# FP nib replacement - any tips before I try my first one?



## 76winger (Sep 2, 2011)

I've read some some of the information in the I.A.P. library and tried to sear threads for additional info but though I'd pose this quick question before I actually try it. I'm getting ready to put one of the Heritance nibs from Exotic Blanks into a PSI Nouveau Sceptre as a replacement for the stock nib. 

Is it pretty much as simple as outlined in the article by Anthony Turchetta or are there some "gotchas" or "watch out fors" that would be helpful to know before I yank the stock one out?

Thanks for any advice!


----------



## GoodTurns (Sep 2, 2011)

smooth and gentle beats "yank it out".  make sure all parts that need to be unscrewed are, then firm even pressure is your friend!....going back together, make sure its lined up properly and it should slide smoothly.


----------



## PR_Princess (Sep 2, 2011)

Sometimes a picture.... 

http://www.youtube.com/watch?v=LPVh7NyIeXg

http://www.youtube.com/watch?v=50HF5u6xkL8&feature=player_embedded

Hope that helps!


----------



## 76winger (Sep 2, 2011)

Thanks for the links Dawn! 

I did watch them, but after I had gathered up the nerves to give it a try.

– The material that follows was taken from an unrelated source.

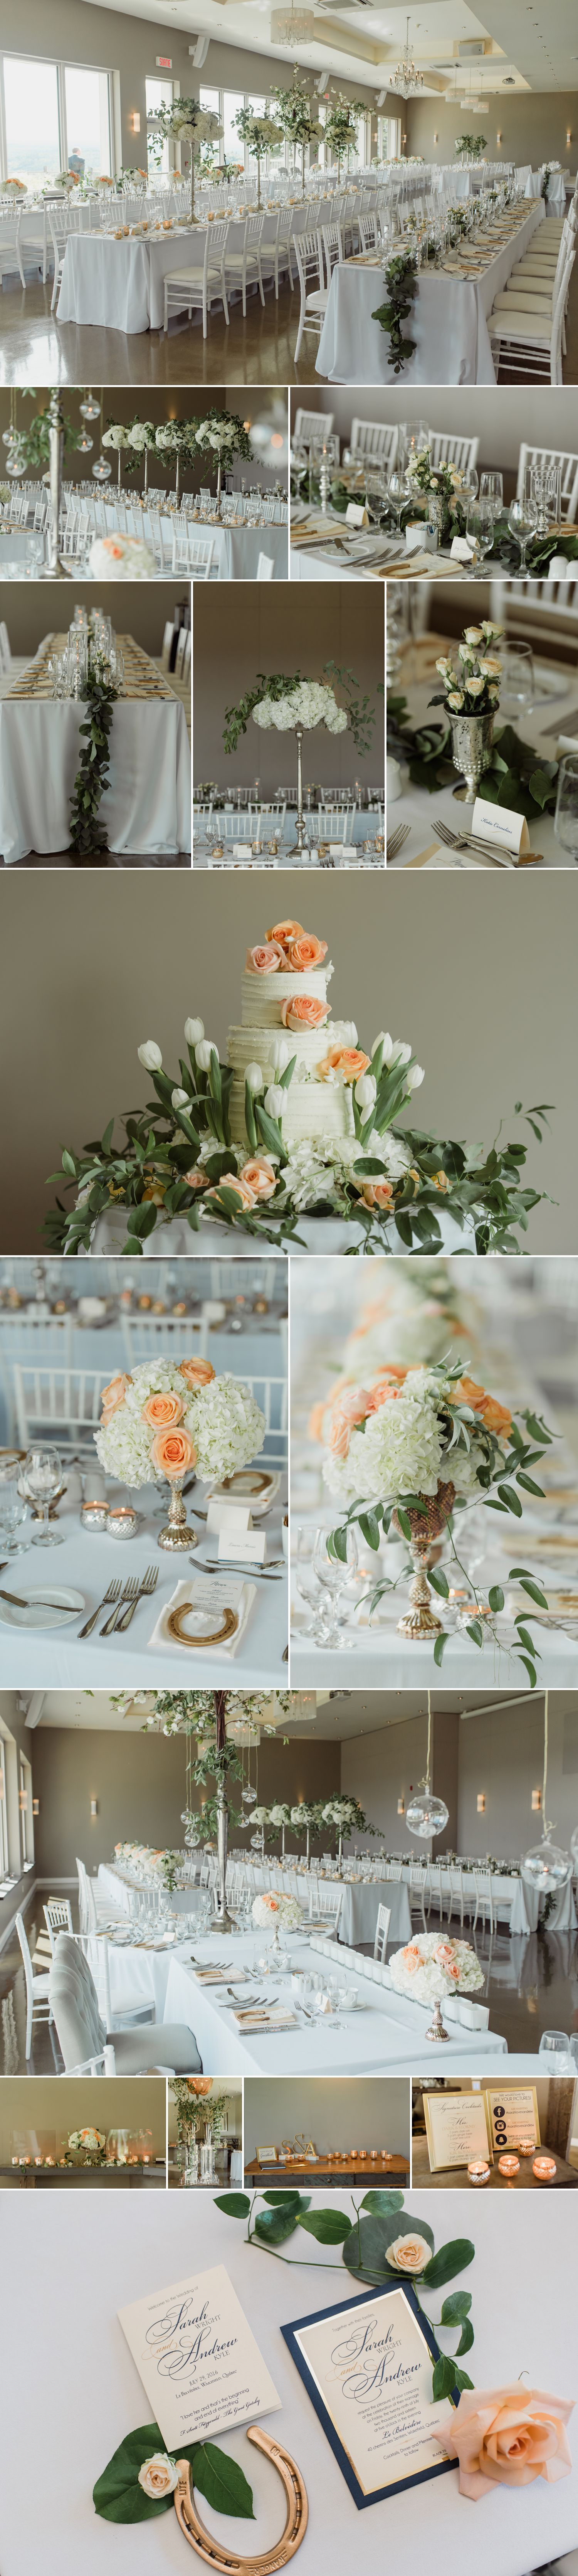 wedding-details-at-le-belvedere-wedding-in-wakefield-quebec.jpg

Now I'm just thinking - That wasn't hard at all!

After slowly crusing around the shop in slow mode due to 100+ degree temps in it today, I've passed the halfway point and now have shape and the upgrade nib installed. 





Coming in to put up this reply gave me an excuse to come back into the A/C in the house for a few minutes. Now it's back to work!


----------